- [Your task]:
Print, word for word, only the lines from the one with "2020 Jingying Music" down to the last line of the listing below; no pictures.

- [Data provided]:
----

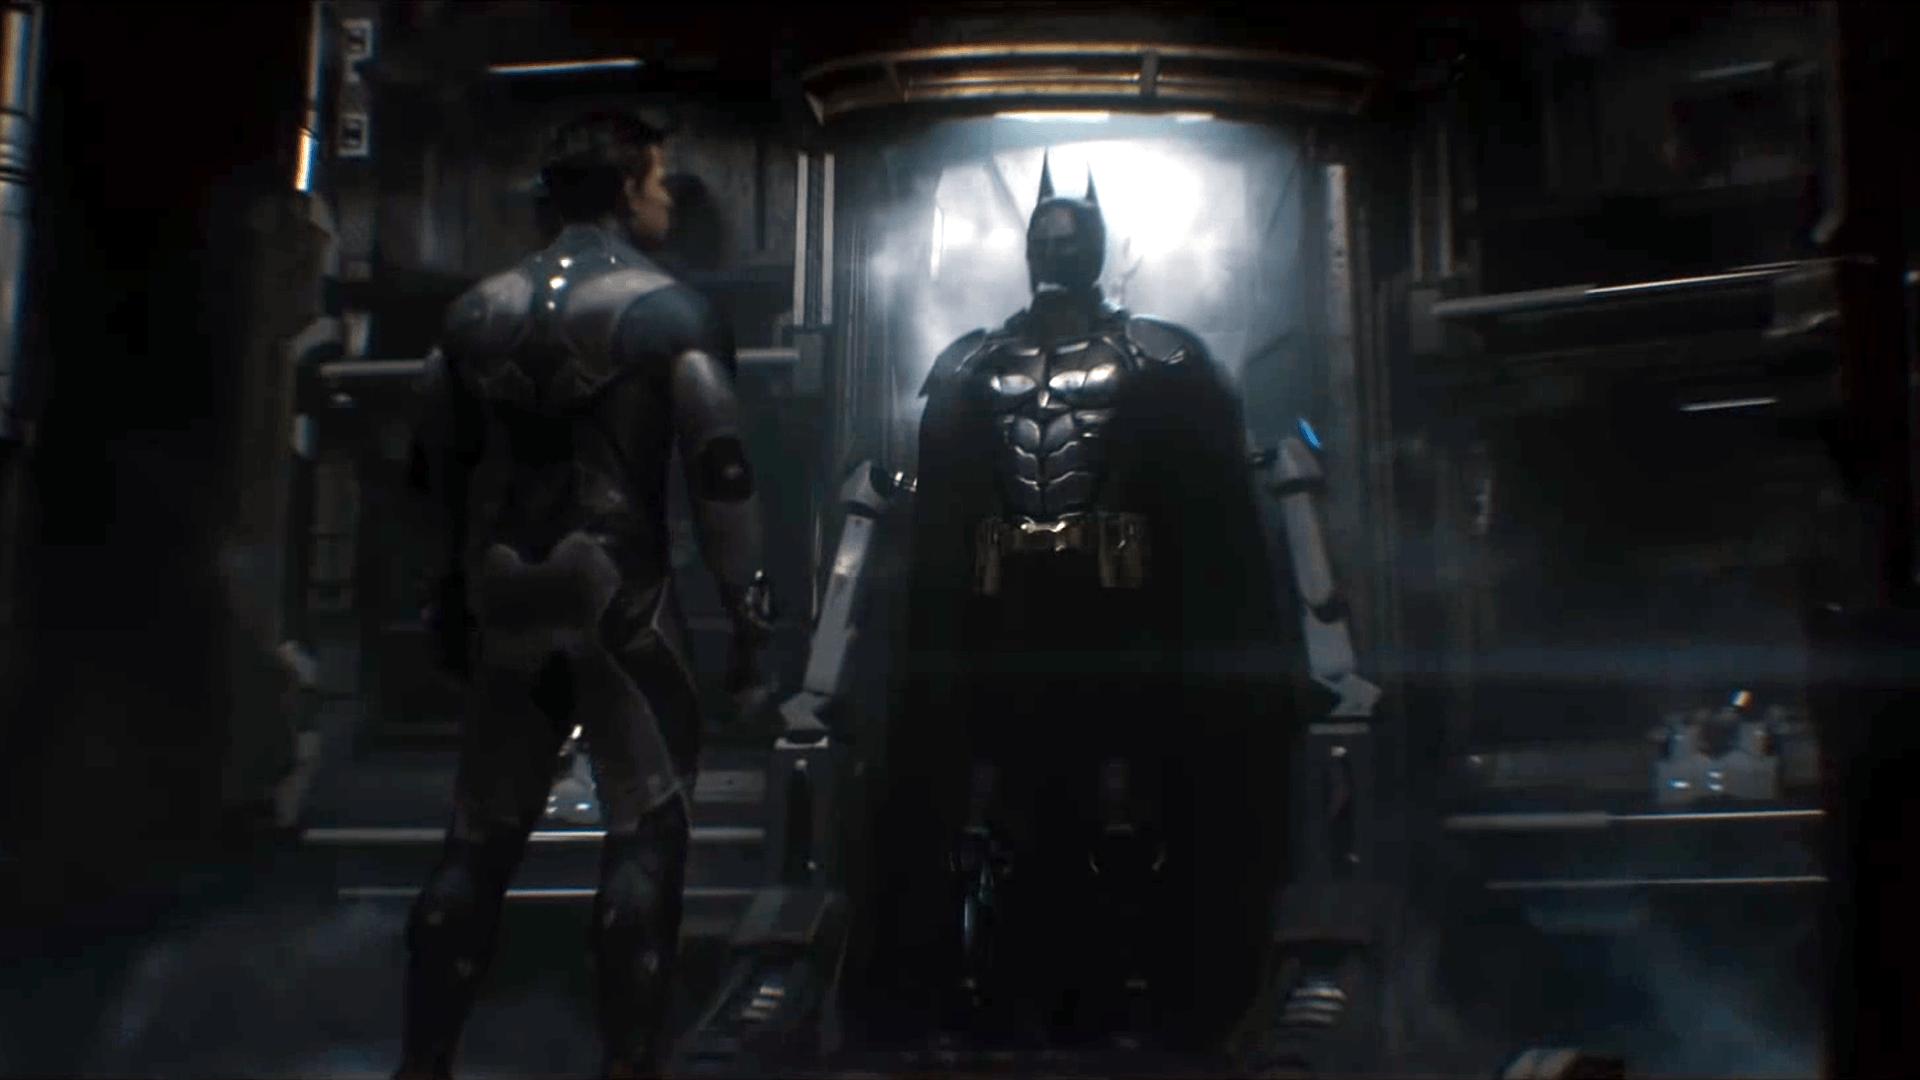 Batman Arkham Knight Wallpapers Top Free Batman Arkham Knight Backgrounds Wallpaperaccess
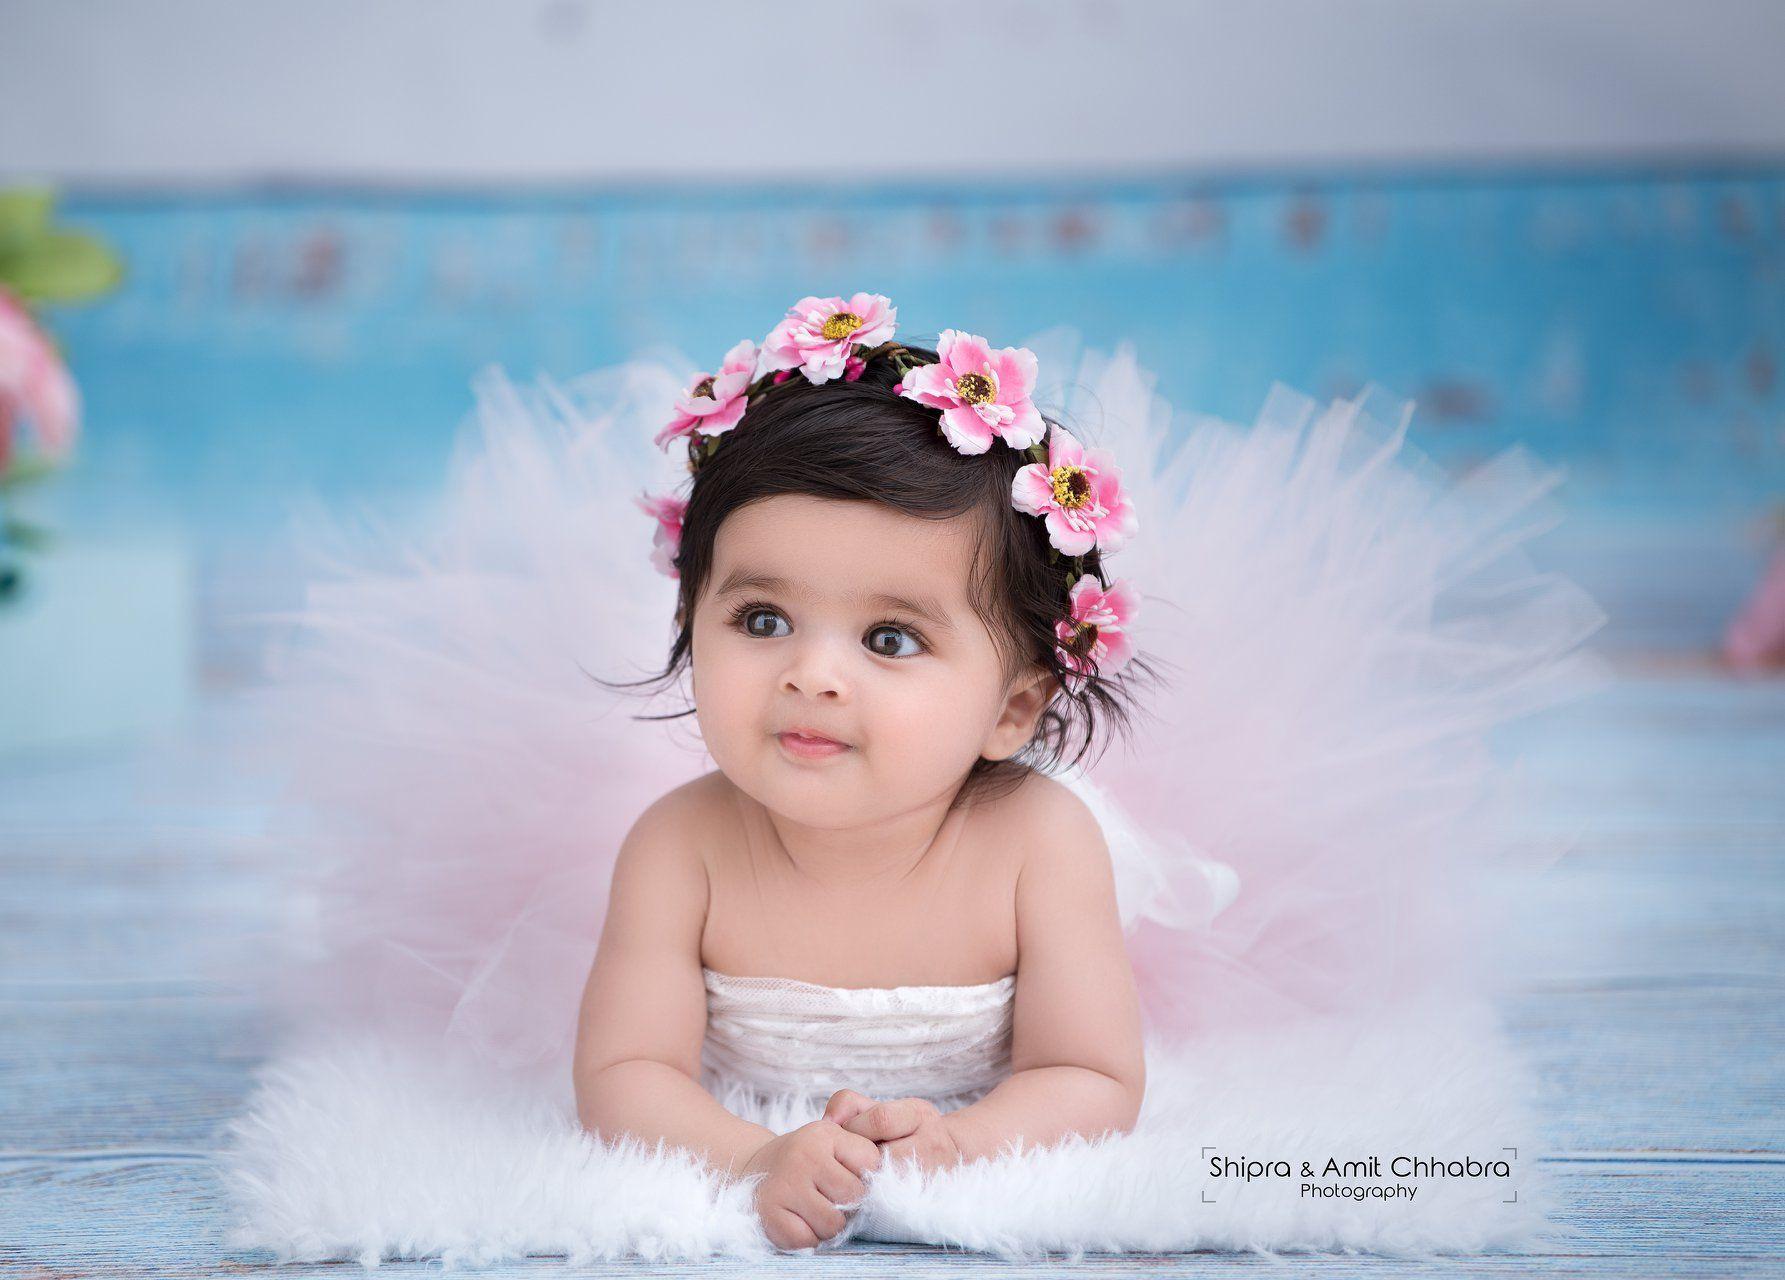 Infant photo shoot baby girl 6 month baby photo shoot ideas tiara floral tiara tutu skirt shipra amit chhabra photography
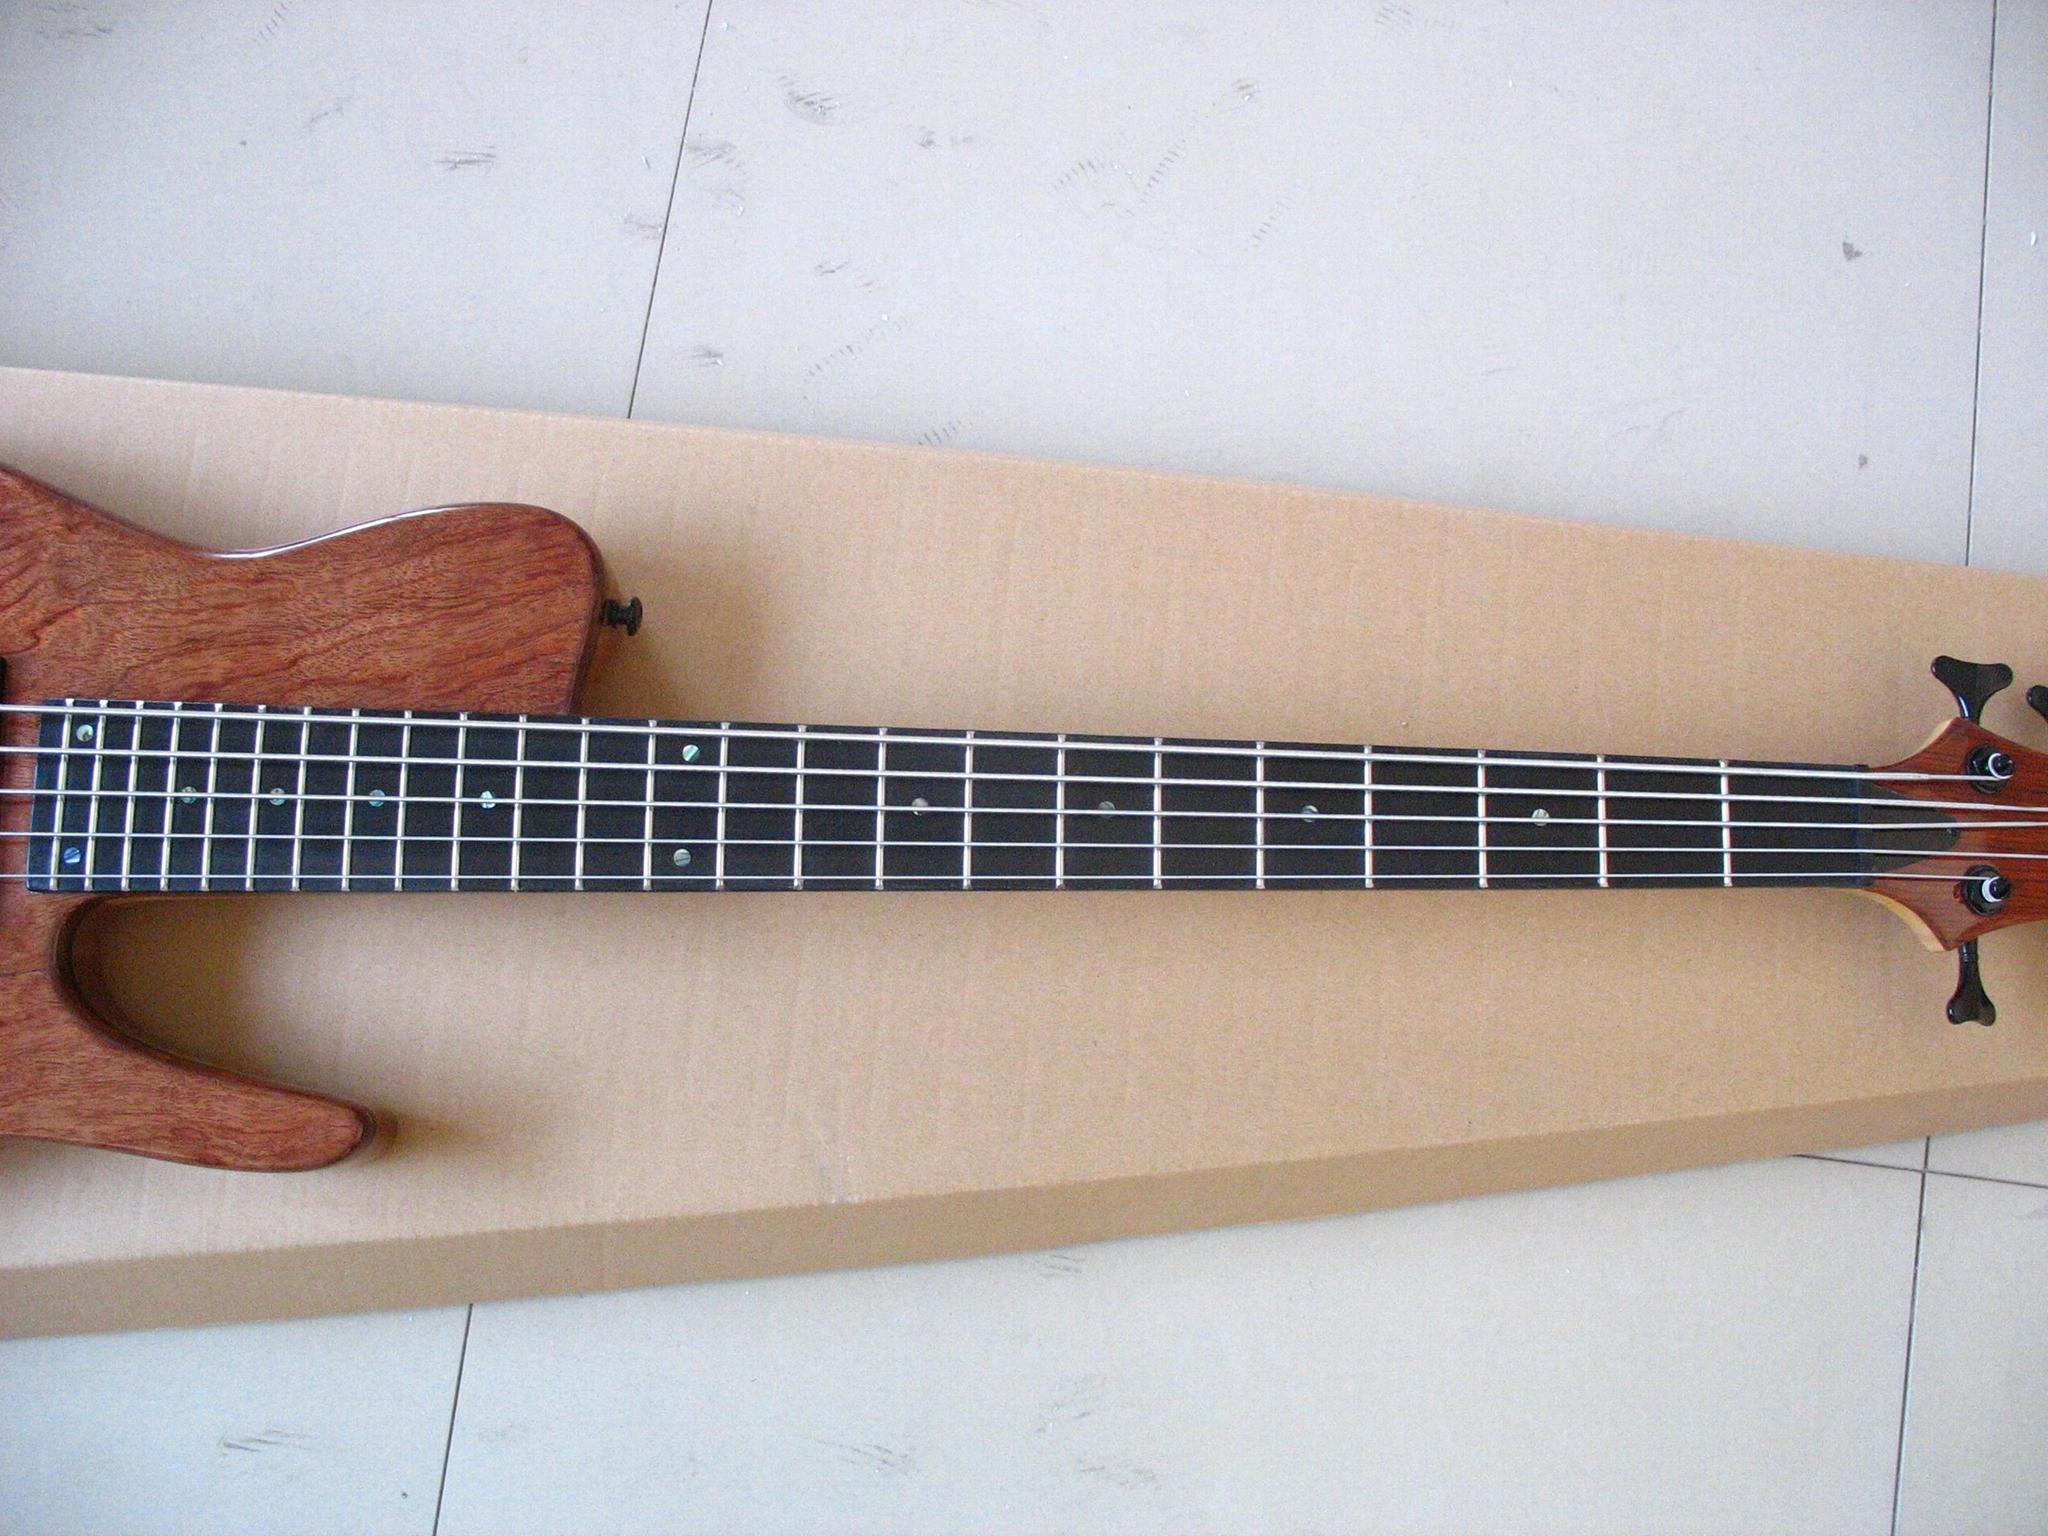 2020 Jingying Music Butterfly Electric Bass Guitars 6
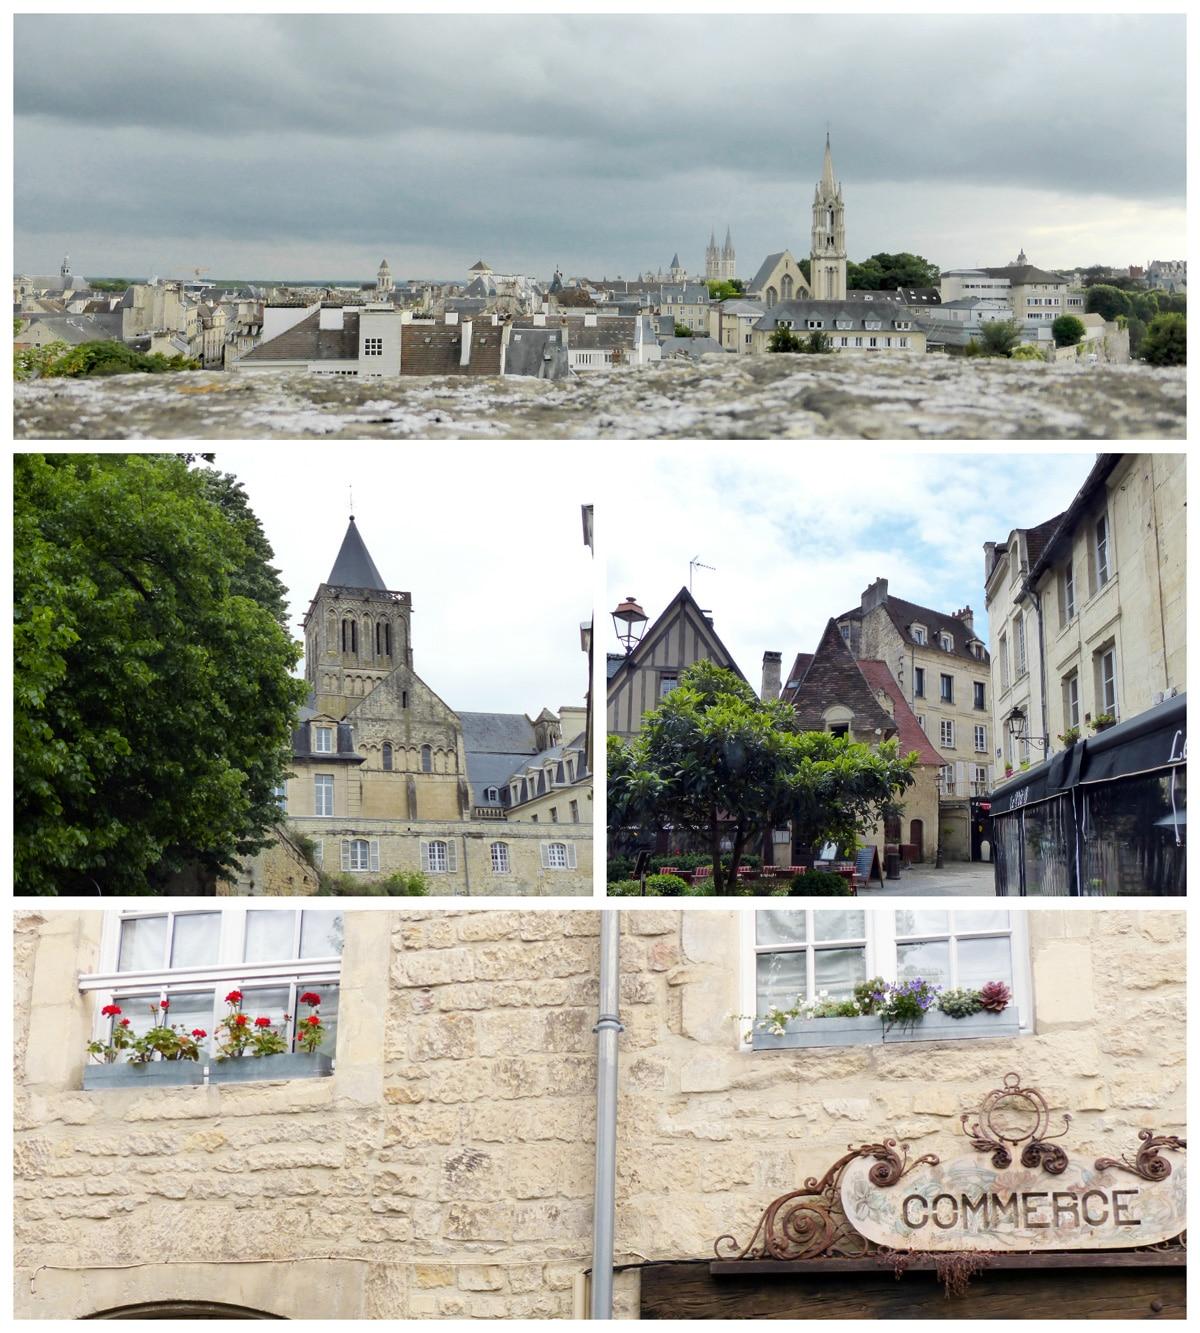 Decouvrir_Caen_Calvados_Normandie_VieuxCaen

----

- [Answer area]:
 2020 Jingying Music Butterfly Electric Bass Guitars 6
 Decouvrir_Caen_Calvados_Normandie_VieuxCaen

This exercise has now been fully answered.